Undressed With Farmer Tim: Sweet Corn
The hot summer days of July bring the first cobs of fresh sweet corn. Each year, farmers in Western Pennsylvania compete to see who can bring the first tender, golden ears to market. Generally, Tim King wins. Here, Farmer Tim gives us the inside scoop on one of his favorite crops.
Tell us how you grow sweet corn at Freedom Farms
We’re very proud of our corn. We know that we raise a better product than most people. We seed our first planting of sweet corn in the beginning of April. We till the ground as soon as we get the first break in the weather, and it’s dry enough to get into the fields and plant. The way that my planter works is that the planter is hooked up to a plastic layer, so we plant and lay down plastic in one go. The plastic we use is both biodegradable and photodegradable. It is eco-friendly because it breaks down both above and beneath the soil. It only lasts until the corn starts to push up against the plastic.
In June, once the corn is germinated and pushing up against the plastic, we fertilize and cultivate any weeds that are up in between the rows with a two row cultivator. Then we hook up drip irrigation and irrigate through dry spells and survey the field for any insect pressure. There are a lot of earwigs in Western PA. Crop rotation is really important. Penn State Extension really helps me out. Each year they do surveys to find out if there is high insect pressure in our area.
I’ve heard that there is a lot of competition between local farmers about who will bring the first sweet corn to market.
Oh, there is. Honestly, I have a couple friends of mine who are farmers and we will send each other pictures of our crop to see whose corn is going to tassel first. Every farmer always thinks that their corn is the best, but they’re wrong. Mine is. I’m usually first to market every year.
Run us through the process of harvesting your corn and bringing it to market.
We harvest our corn early, before the sun hits the fields. The whole point of harvesting sweet corn early in the morning is so the dew is on and the temperature is lower. You want to get the corn cooled down as fast as possible. As soon as you get that corn off the stalk, the sugar is starting to break down and turn to starch. When that happens, the corn tastes starchy and loses sweetness. The faster you can cool it down the sweeter it tastes.
We get up early in the morning and pick each ear by hand. Experience is really important. If you know what you are doing, you can sense the density of each ear by feeling it whether it’s ready or not. It takes years to develop that ability. A lot of farmers harvest mechanically. The process is non-selective. The machine goes through and picks every single ear in the field. On our farm, we pick selectively. It takes longer, but the corn tastes better and we can get a second or even a third harvest.
How long does it take you to pick corn by hand?
I can pick a sack of corn, which is five dozen, in a minute. I can pick an ear of corn in less than a second. Pete and I are the only ones who can hit that time, but John and Sam and Paul are coming really close.

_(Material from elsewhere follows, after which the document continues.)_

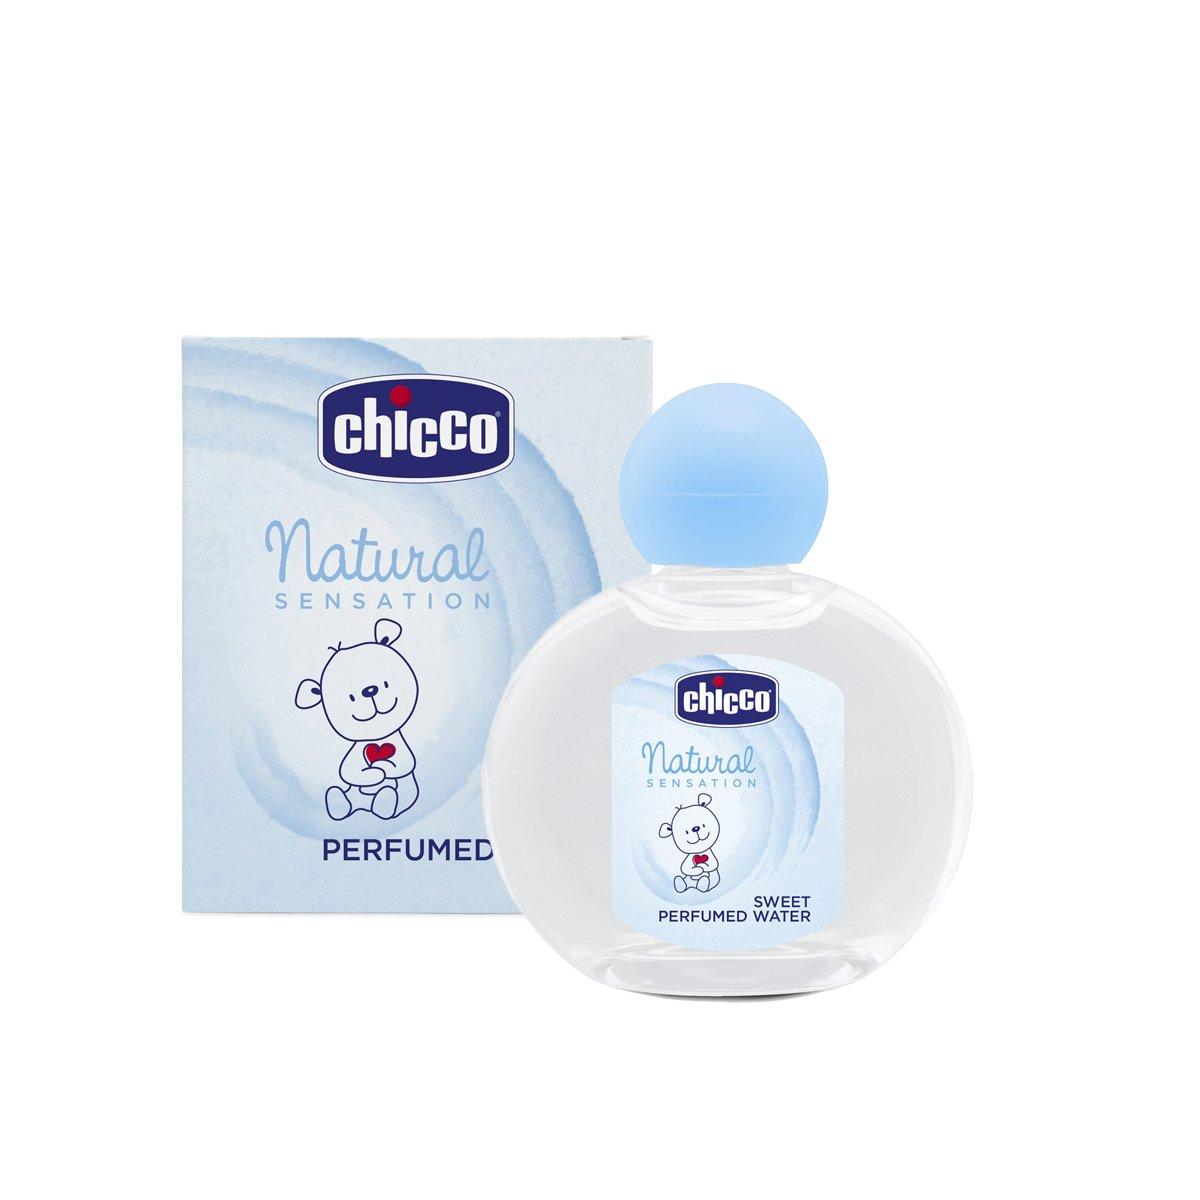 Chicco Natural Sensation - Agua perfumada sin alcohol, 100 ml
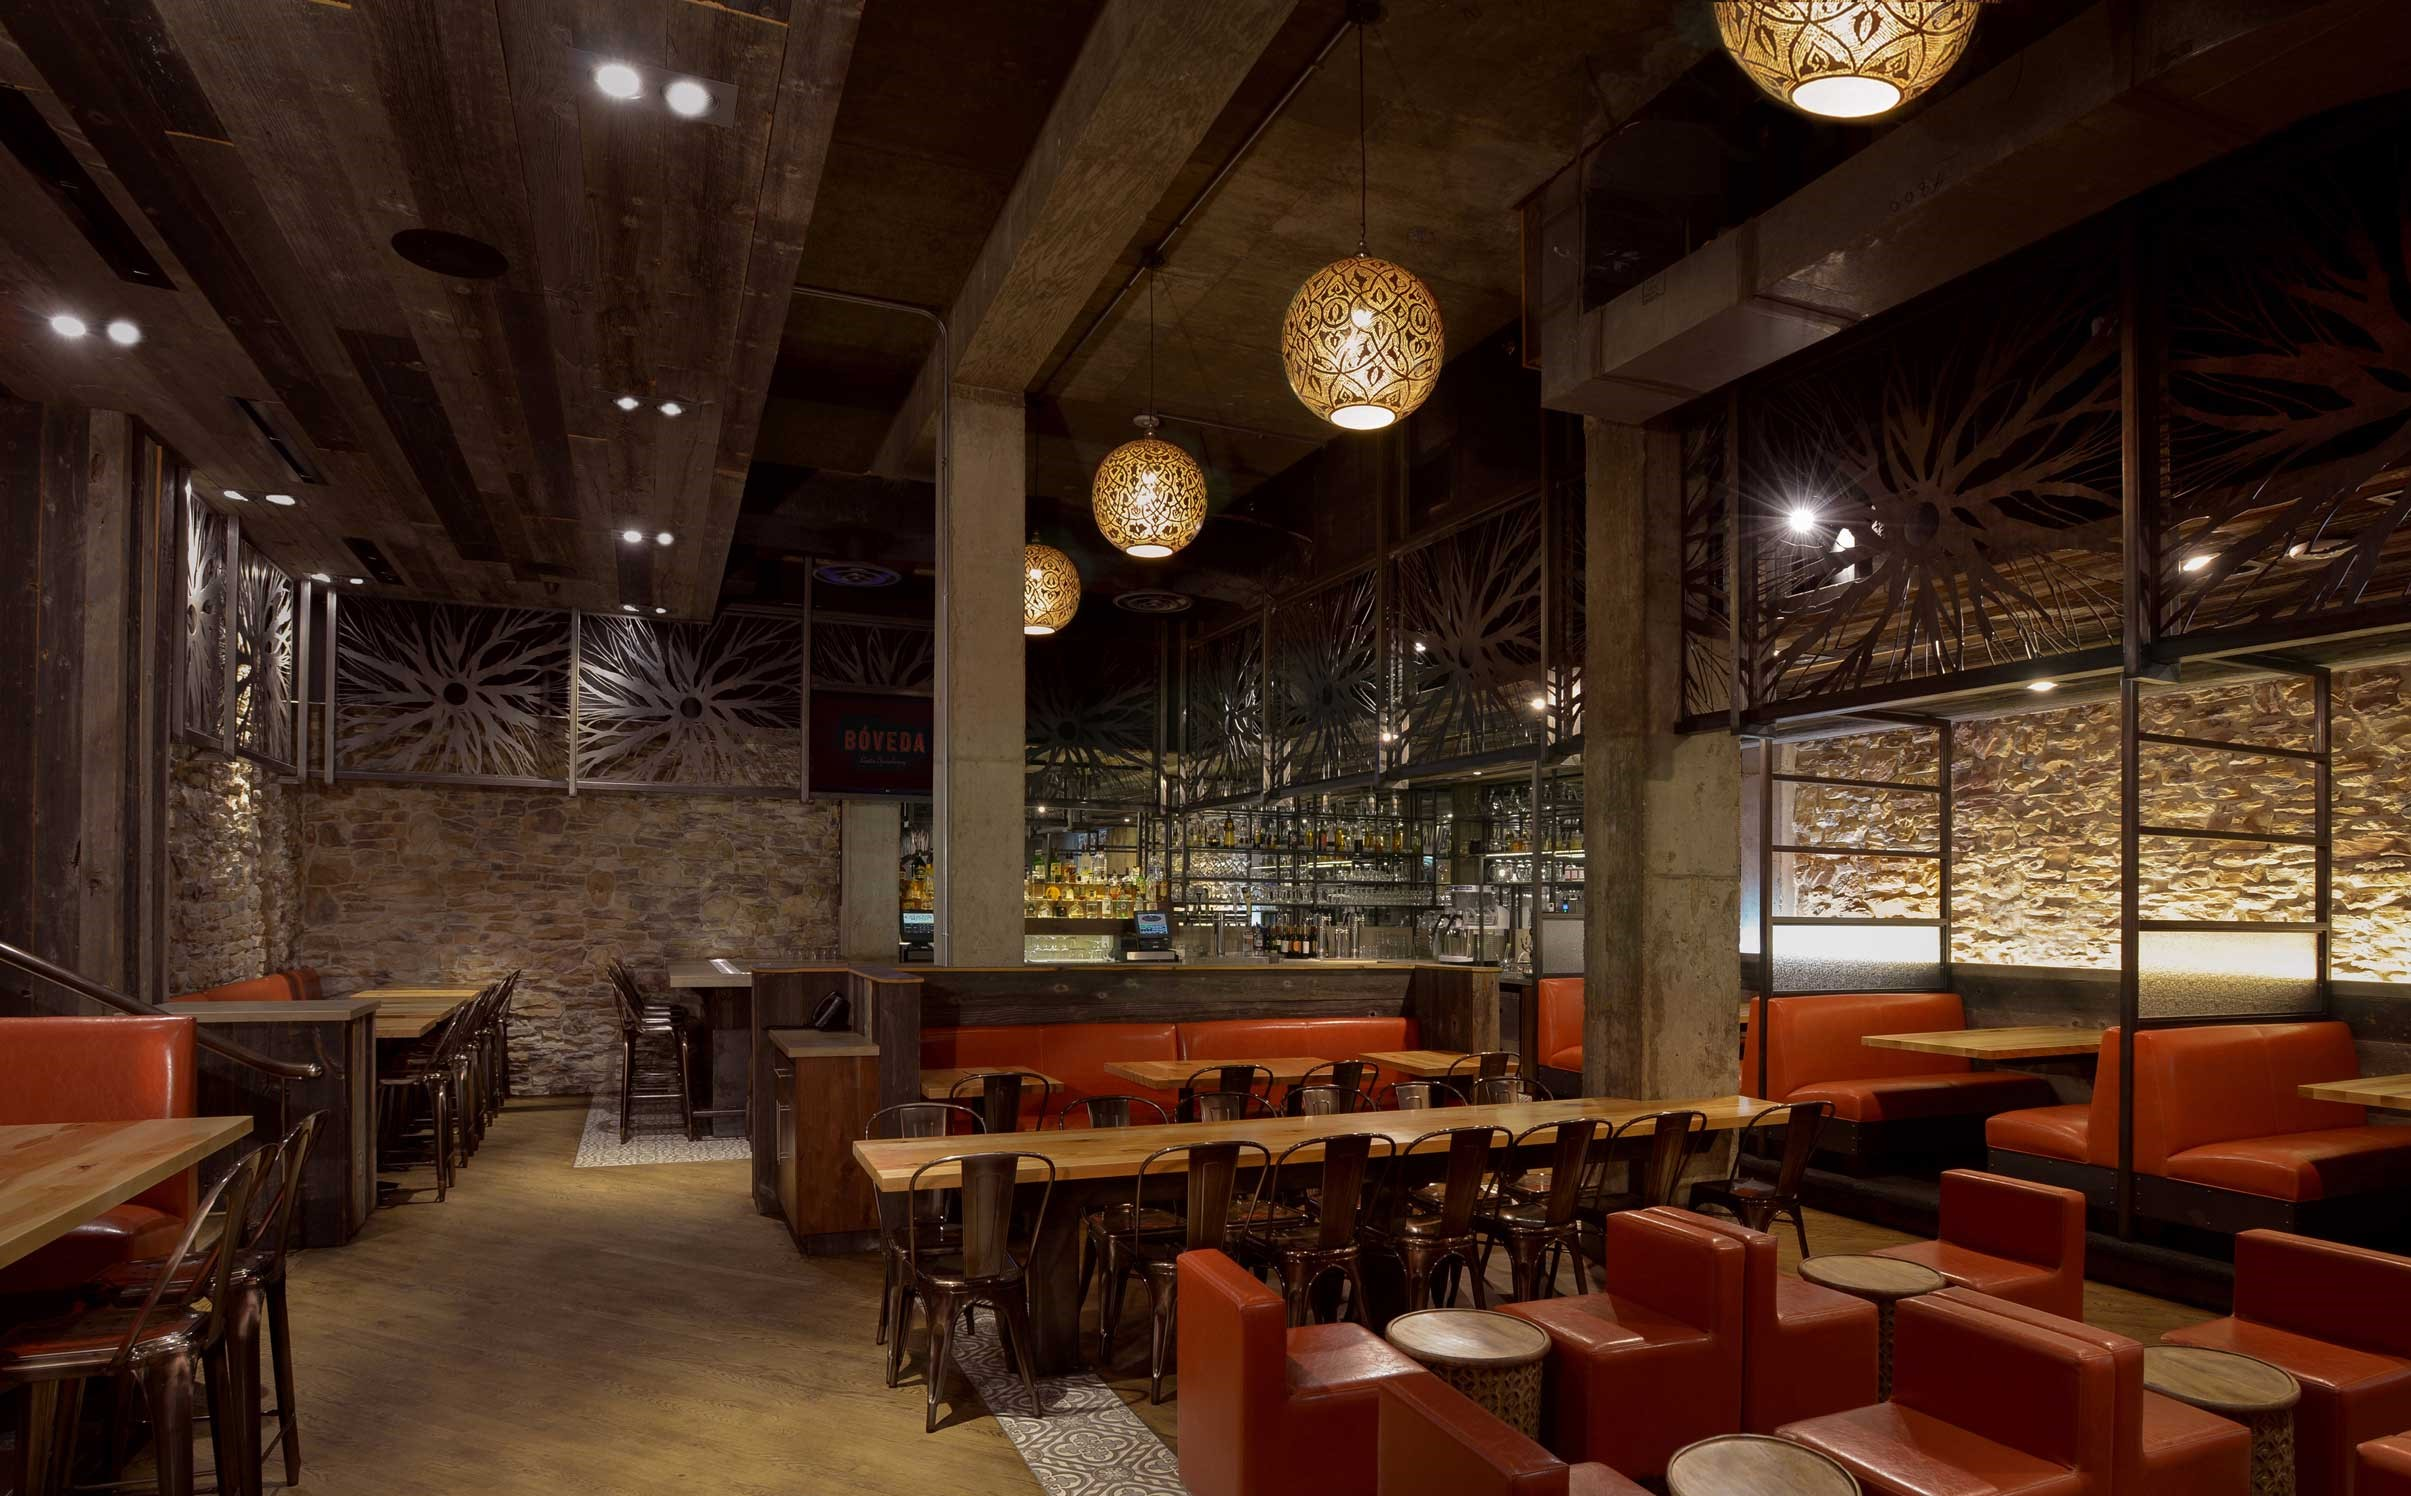 studio-saint-bars-and-restaurants-boveda-washington-dc-2

How much corn do you harvest on a daily basis?
Last year we were probably averaging about 80 sacks of 500 dozen a day.
What happens after the corn is picked?
We load our corn on the truck and take it straight to our Local Market, which is a couple miles from the field. Then we ice it down to prevent sugars turning to starch. We sell it there or pack it on the truck and send it into the city to sell at the Mobile Markets.
What makes your sweet corn different from the corn I can buy at the grocery store?
I’m 100 percent sure that our corn is better than the corn you can get in a grocery store. The grocery stores only sell varieties that travel well because the stores are buying from large commercial growers. That’s how they get their products so cheap. The sweet corn has a much thicker skin on the corn kernels. It’s tougher. The corn has travelled anywhere from a couple days to a couple weeks to get to the grocer and it loses sweetness during that time.
We pick our corn and we sell it on the same day. Period. If we don’t sell it we feed it to pigs, because we want our corn to be tender and sweet. Grocery stores only care that it looks pretty and is high in sugar content. Their corn isn’t tender at all. Taste our corn once – you’ll never go back.
Farmer Tim’s Undressed Sweet Corn
I like to steam sweet corn. I don’t like when people boil the sweet corn because they always boil it for too long. I steam my corn for 2 minutes then butter, salt, and pepper. But probably the best way to eat sweet corn is raw and fresh. That’s our breakfast every single morning in the summer when we harvest the corn.